Lì mi sento più sicura perché in quel caso ho gli abiti giusti quelli che mi consentono movimenti più adeguati, indosso il casco, non ho né borsa né zaino, e mi sento più libera e sicura. Io, durante la settimana, esco in bicicletta il sabato e la domenica pure e, se posso, anche nei pomeriggi al di fuori del lavoro. Pertanto, percorro circa 150/160 chilometri la settimana: mi fa stare bene perché è un esercizio fisico, aerobico, che aiuta a scaricare le tensioni a livello circolatorio. Io poi sto davvero molto meglio, mi aiuta a scaricare lo stress. Mi accorgo che se non vado in bicicletta da una settimana sono molto più nervosa, più introversa. Andare in bicicletta mi mette il buonumore, sono più allegra, più pacata e anche più riflessiva.
Hai avuto una passione per altri sport, per altre discipline?
No, sin da bambina nel cortile di casa giravo con una biciclettina con le rotelle, mi ero massacrata l’interno delle caviglie a forza di pedalare. Per me la bicicletta è sempre stato l’unico sport, avrei voluto farla a livello agonistico, ma all’epoca mia madre disse: «No, ho già tuo padre tutto il giorno sulla strada ad allenarsi, non voglio avere una figlia che imbocca questa professione».
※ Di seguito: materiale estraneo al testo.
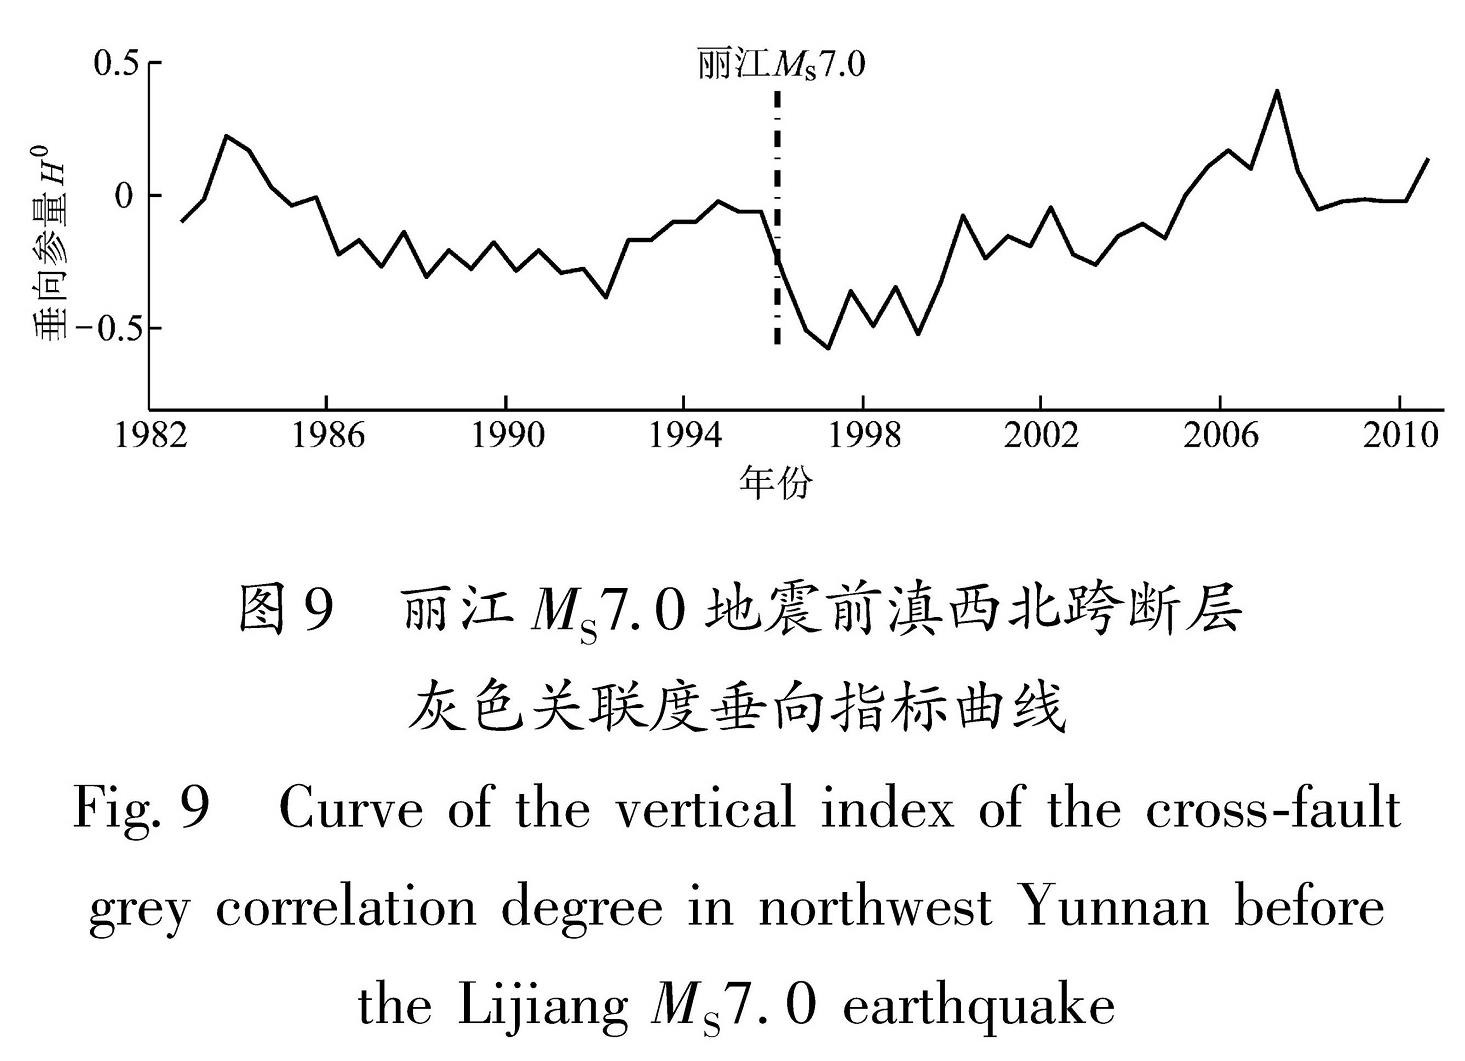 图9 丽江MS7.0地震前滇西北跨断层灰色关联度垂向指标曲线<br/>Fig.9 Curve of the vertical index of the cross-fault grey correlation degree in northwest Yunnan before  the Lijiang MS7.0 earthquake

Altrimenti l’avresti fatto?
Sì, è qualcosa che ho lì… diciamo che non sono riuscita a realizzarla.
Con rammarico?
Esatto, però poi sono stata contenta. La scena più bella che ti posso raccontare è di qualche anno fa, quando mi sono presentata al campionato italiano degli avvocati a Torino. Non avevo anticipato nulla né a mio padre né a mia madre, ho detto loro: «Oggi vado a fare un giro in bicicletta». Sono partita con un mio amico e sono arrivata a Torino. Il mio amico mi ha aiutata a montare la bicicletta, ho preso parte alla manifestazione e l’ho vinta: si passava sul colle di Superga. Era maggio, sono tornata a casa con la mia coppa e la maglia tricolore. Mio padre e mia madre mi hanno guardata allibiti. Lui si è girato verso la mamma: «Te l’avevo detto che dovevamo farla correre».
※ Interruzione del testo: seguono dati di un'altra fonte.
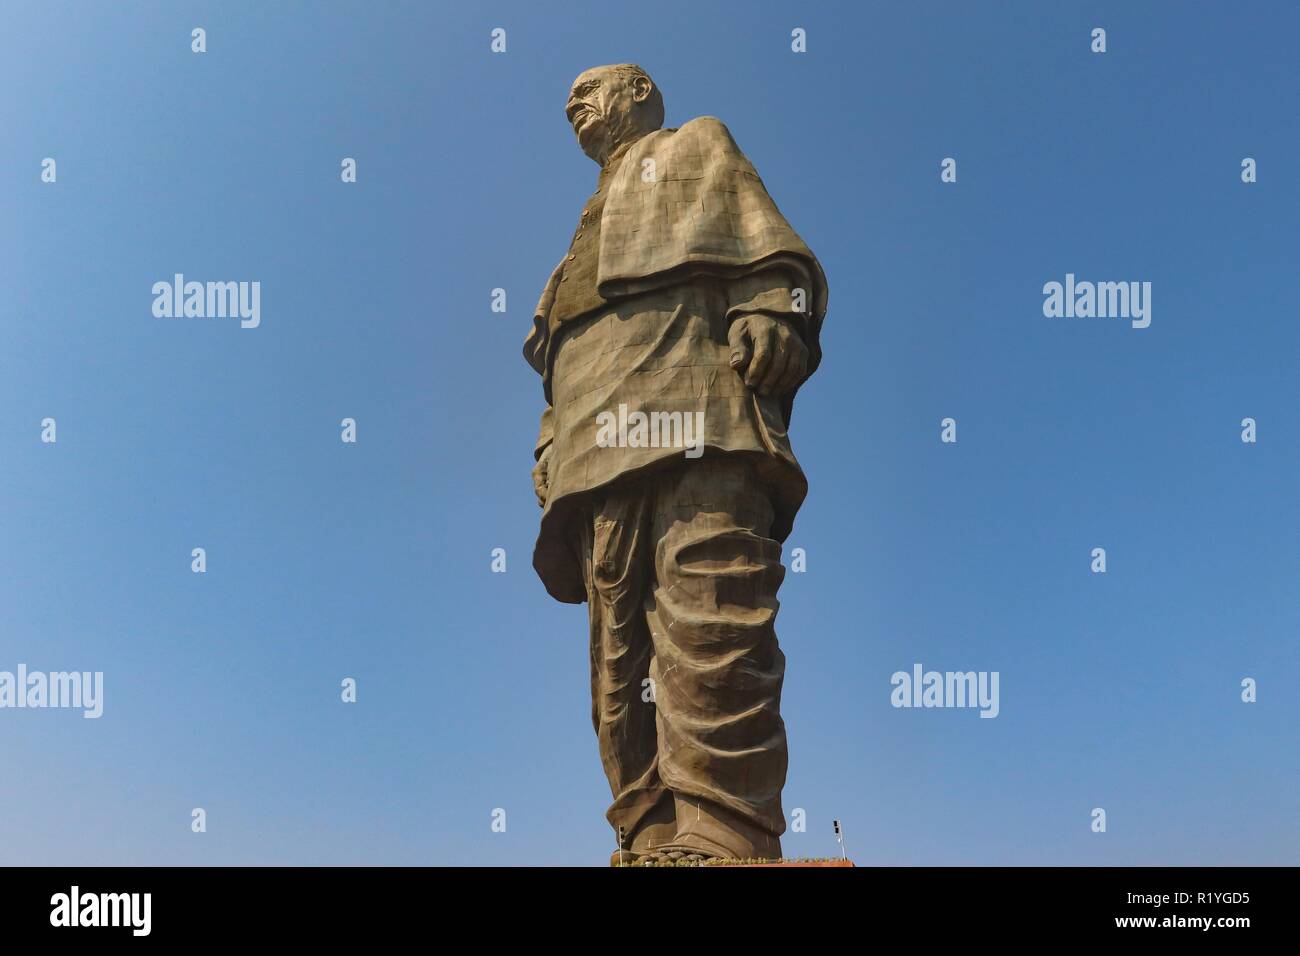 Le plus haut du monde, 'Statue de la statue de l'unité",à une hauteur de 182 mètres de Sri Sardar Vallabhai Patel situé près de Vadodara, Gujarat/Inde Banque D'Images

E mia madre, ridendo: «No, va bene così, abbiamo un avvocato, che poi sia campione italiano di ciclismo non m’interessa, ma abbiamo in casa un avvocato!».
Un avvocato comunque serve sempre…
Mia madre, infatti, ha sempre sostenuto: «L’avvocato lo fai per tutta la vita, l’atleta ha una carriera limitata e poi ti devi rimettere sempre in discussione. Se non hai studiato, diventa un problema, perché il ciclismo femminile anche oggi non dà grandi prospettive. Questo è l’approccio che ho avuto con il ciclismo: un papà che avrebbe voluto e una mamma che invece ha ostacolato.
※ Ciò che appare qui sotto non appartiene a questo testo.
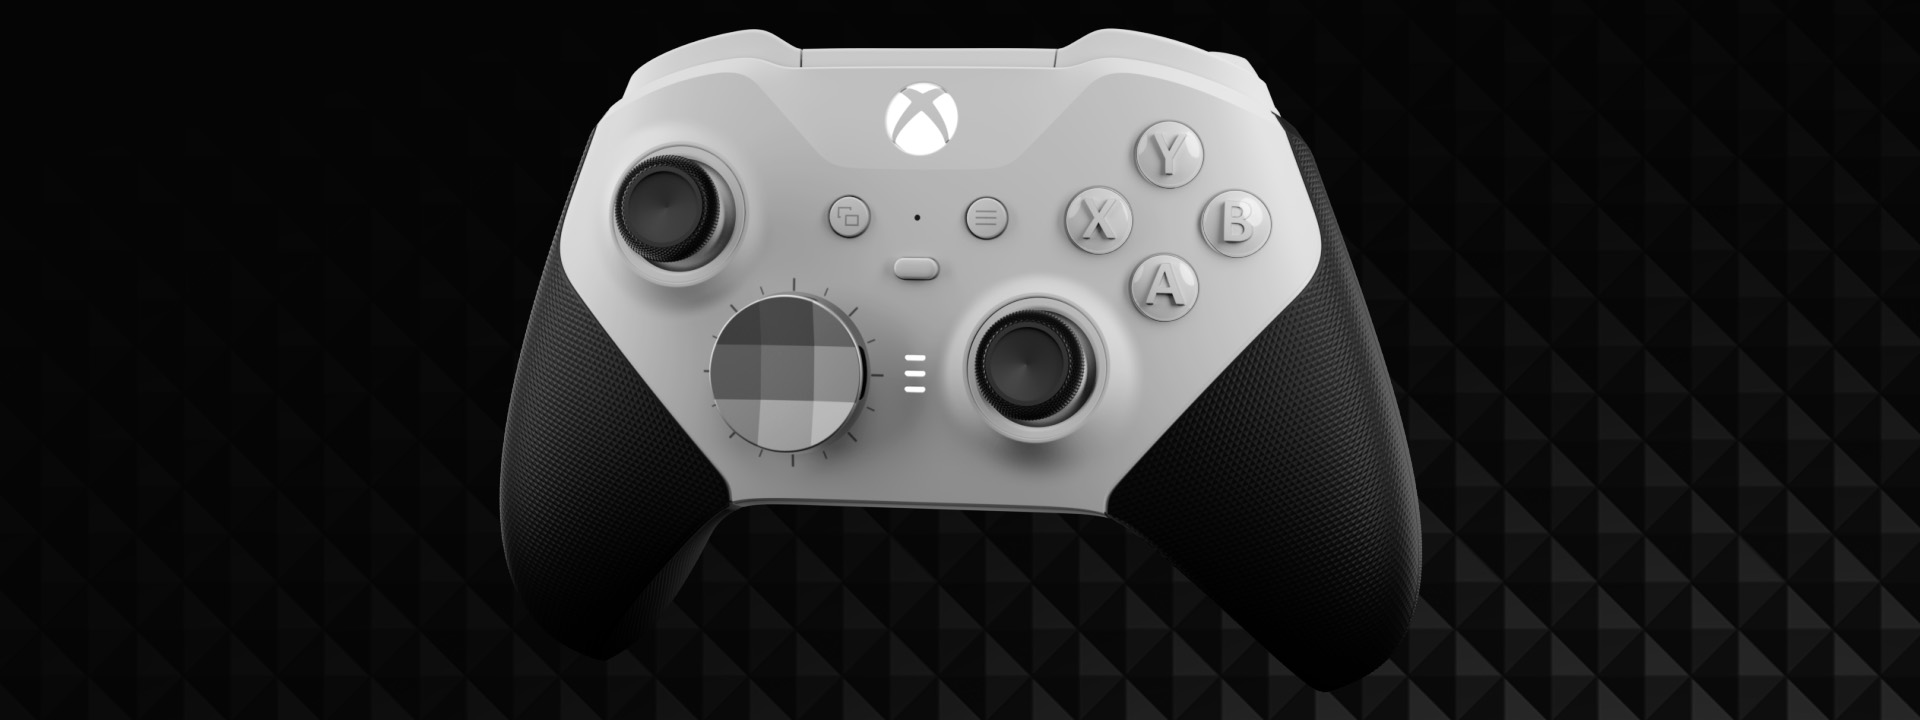 Il controller professionale Xbox Elite Series 2 ora costa meno, grazie al  modello Core

Che ricordi hai della tua prima volta in bicicletta e delle pedalate con papà?
Papà aveva portato a casa questa biciclettina blu con le rotelle, me la ricordo ancora, e mi ha insegnato a pedalare togliendole una alla volta. A un certo punto mi sono sentita grande e forte, come gli adulti, sono partita e non mi sono fermata più. Quando ho iniziato l’università e quindi le mie velleità agonistiche le avevo chiuse in un cassetto, papà ha cominciato a propormi di uscire in bicicletta con lui. Facevo un sacco di fatica, perché le cose che per lui erano normali, per me erano difficilissime, anche solo stargli dietro era un’impresa. Lui si metteva davanti a macinare e io a ruota. Dovevo proprio fissarla quella ruota, che ogni tanto si allontanava e quindi dovevo stringere i denti per tornare sotto, facendo finta di non fare fatica.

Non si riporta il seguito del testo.